Sometimes the sauce was quite obvious. On Fools Gold, the centerpiece of the song is not the singing or Squire’s effect-laden playing, or even the breakbeat borrowed from Bobby Byrd’s 1971 single Hot Pants: it’s Mani’s writhing, driving bass. When you think of She Bangs the Drums, the first thing that comes to thought is the low-end melody.

The Stone Roses photographed in 1989.

Indeed, in Mani’s opinion, when the Stone Roses went wrong musically it was because they were not enough groovy. Fools Gold’s disappointing successor One Love was underwhelming, he suggested, because it “could have swung, it’s a somewhat rigid”. He was a staunch supporter of their oft-dismissed second album, Second Coming but thought its flaws might have been fixed by cutting some of the overdubs of hard rock-influenced six-string work and “reverting to the rhythm”.

He likely had a point. Second Coming’s scattering of standout tracks usually occur during the moments when Mounfield was really allowed to let rip – Daybreak, Love Spreads, the superb Begging You – while on its increasingly sluggish songs, you can sense him figuratively willing the band to pick up the pace. His playing on Tightrope is completely contrary to the lethargy of everything else that’s going on on the track, while on Straight to the Man he’s clearly attempting to inject a bit of energy into what’s otherwise just some unremarkable country-rock – not a style one suspects anyone was in a hurry to hear the Stone Roses give a try.

His attempts were unsuccessful: Wren and Squire departed the band in the wake of Second Coming’s release, and the Stone Roses collapsed completely after a catastrophic top-billed set at the 1996 Reading festival. But Mani’s subsequent role with Primal Scream had an remarkably energising impact on a band in a decline after the cool response to 1994’s guitar-driven Give Out But Don’t Give Up. His sound became more echo-laden, weightier and more fuzzy, but the groove that had given the Stone Roses a unique edge was still in evidence – particularly on the low-slung rhythm of the 1997 single Kowalski – as was his skill to bring his playing to the front. His percussive, hypnotic low-end pattern is certainly the star turn on the brilliant 1999 single Swastika Eyes; his playing on Kill All Hippies – similar to Swastika Eyes, a highlight of Xtrmntr, undoubtedly the finest album Primal Scream had made since Screamadelica – is magnificent.

Always an friendly, clubbable figure – the author John Robb once noted that the Stone Roses’ hauteur towards the press was always punctured if Mani “became more relaxed” – he performed at the Stone Roses’ 2012 comeback concert at Manchester’s Heaton Park using a personalised bass that displayed the legend “Super-Yob”, the moniker of Slade’s preposterously coiffured and constantly smiling guitarist Dave Hill.
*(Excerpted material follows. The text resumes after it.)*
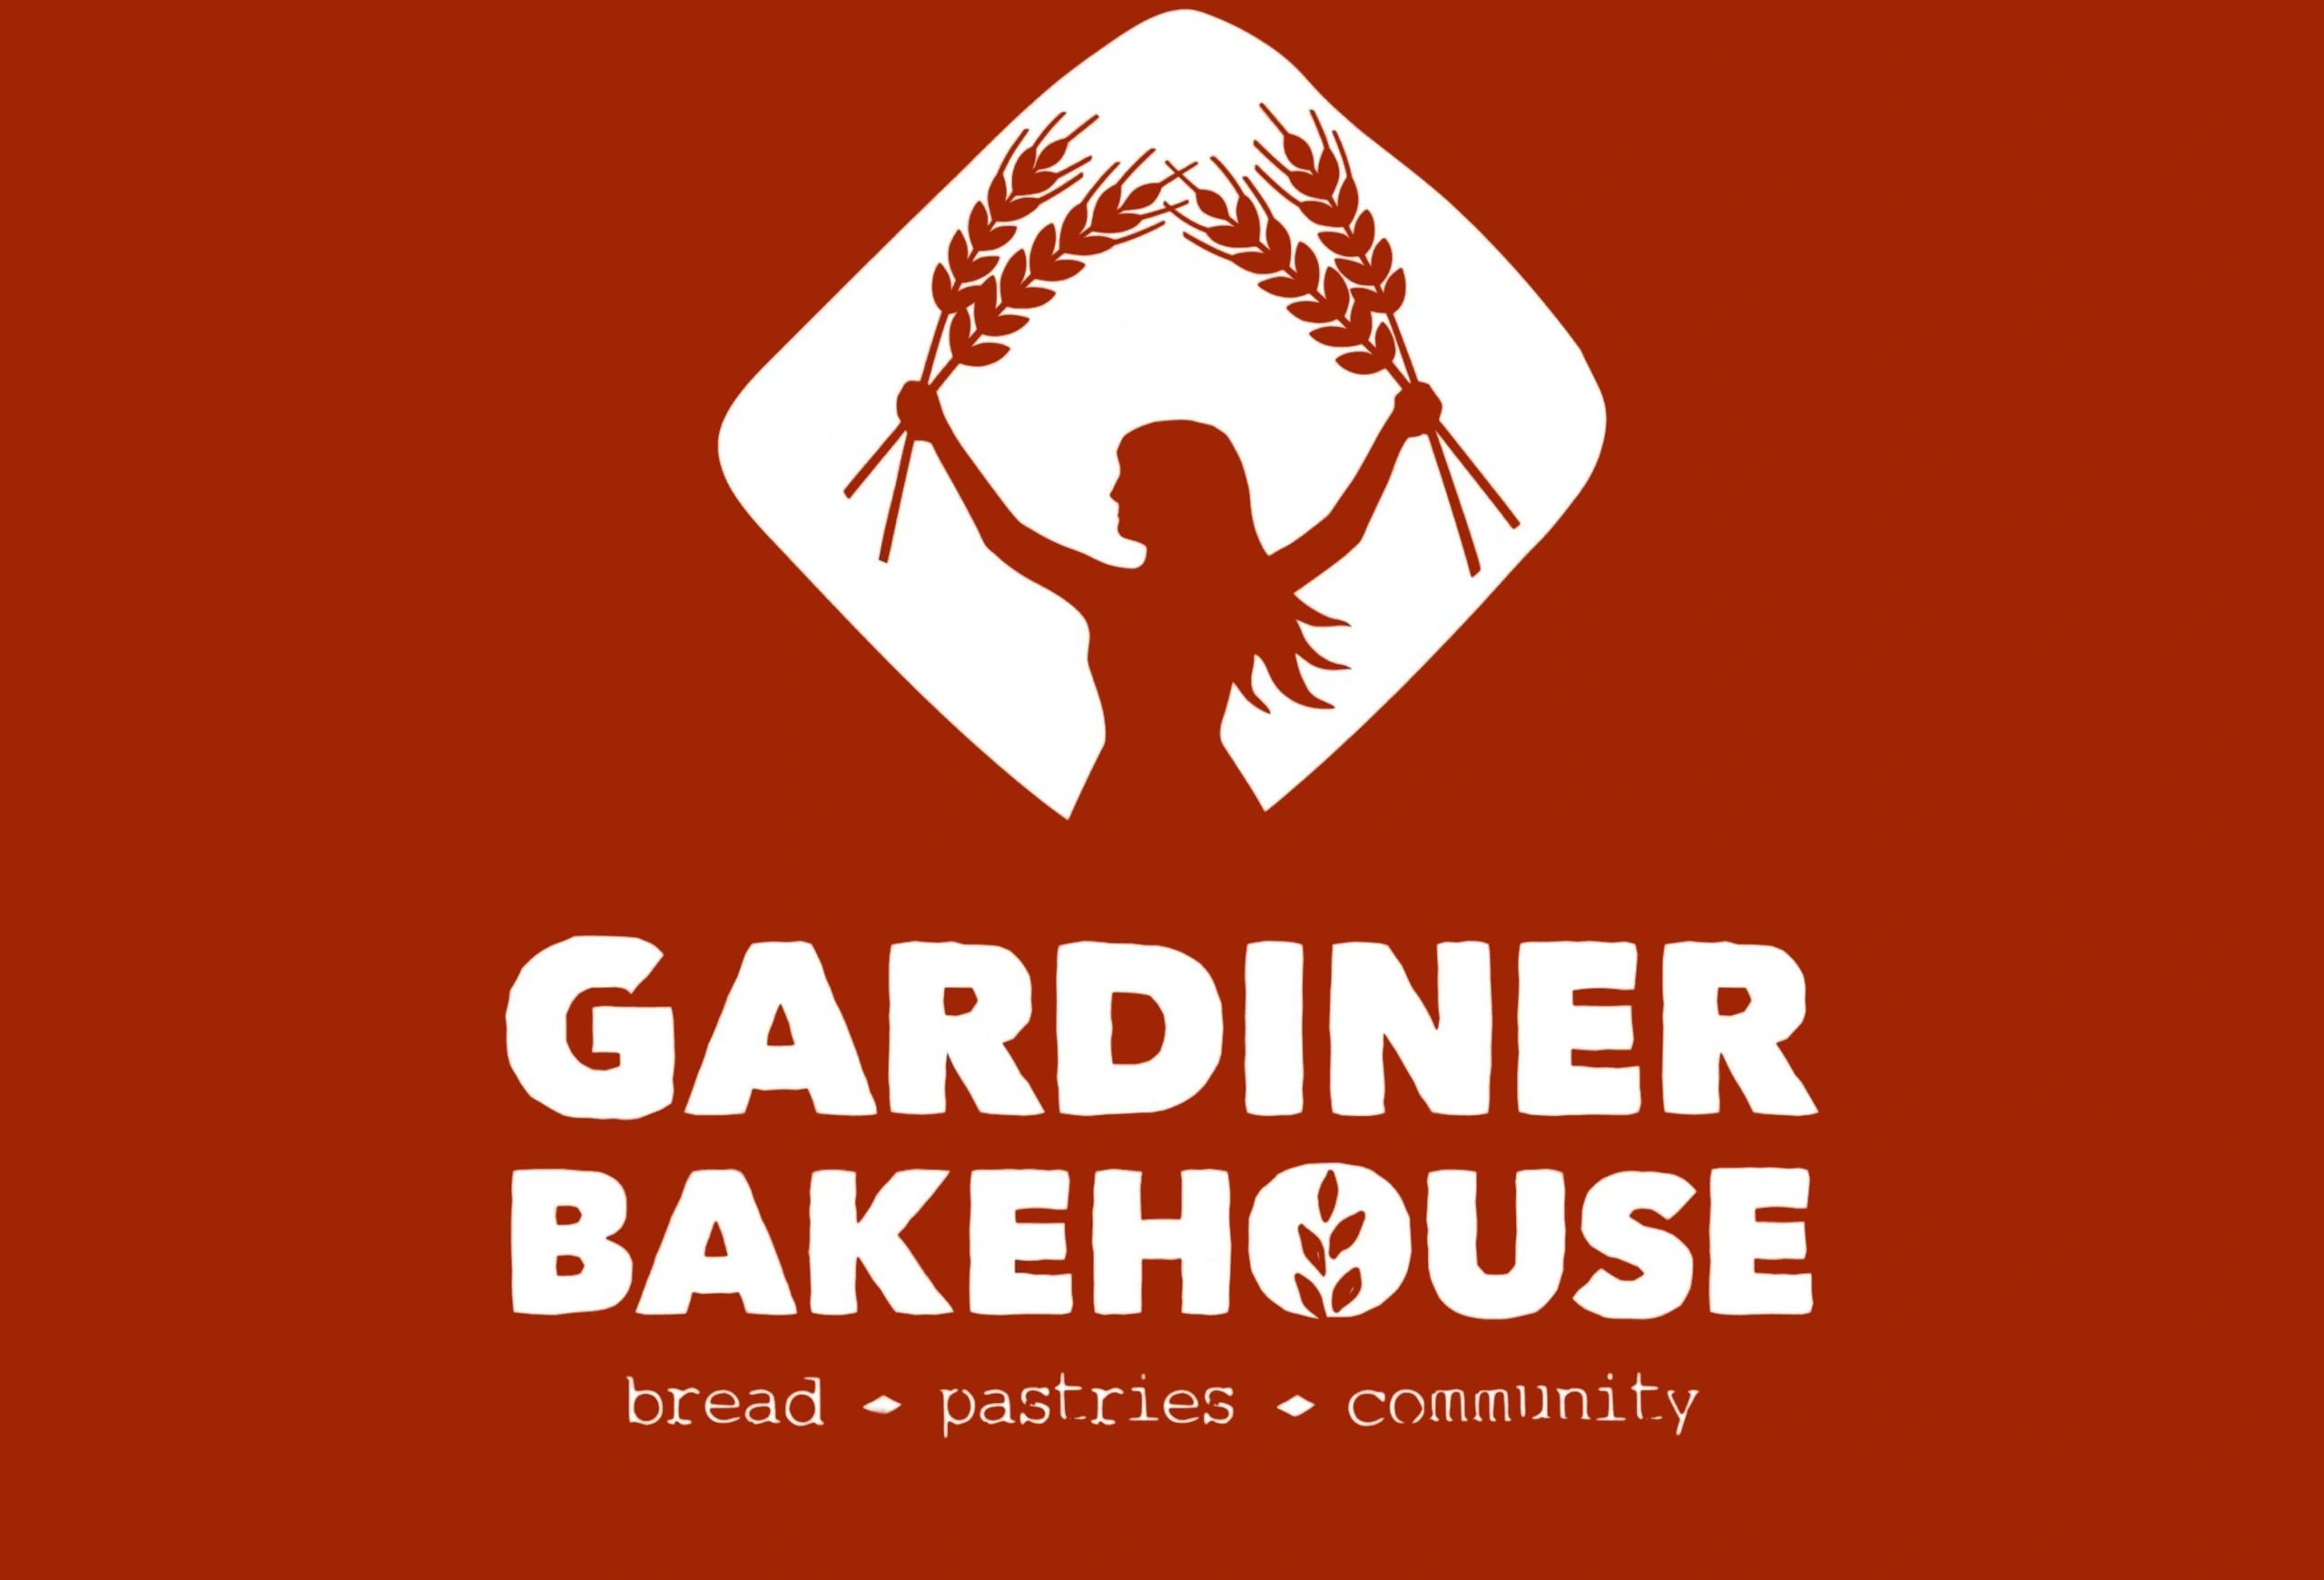 Gardiner Bakehouse logo: the silhouette of a woman holding stalks of wheat above her head.

This reformation did not lead to anything more than a lengthy series of hugely profitable gigs – a couple of new tracks released by the reconstituted four-piece only demonstrated that whatever spark had been present in 1989 had turned out impossible to rediscover nearly two decades later – and Mani quietly declared his departure from music in 2021. He’d made his money and was now focused on fly-fishing, which additionally offered “a good reason to go to the pub”.

Perhaps he thought he’d done enough: he’d definitely left a mark. The Stone Roses were influential in a range of ways. Oasis undoubtedly observed their confident approach, while the 90s British music scene as a movement was shaped by a desire to transcend the standard market limitations of alternative music and reach a more mainstream audience, as the Roses had done. But their most obvious direct influence was a sort of groove-based shift: in the wake of their initial success, you suddenly encountered many indie bands who wanted to make their fans dance. That was Mani’s artistic raison d’être. “It’s what the rhythm section are for, right?” he once averred. “That’s what they’re for.”

Christopher King
Christopher King

Travel enthusiast and hospitality expert with a passion for sharing hidden gems in Italian destinations.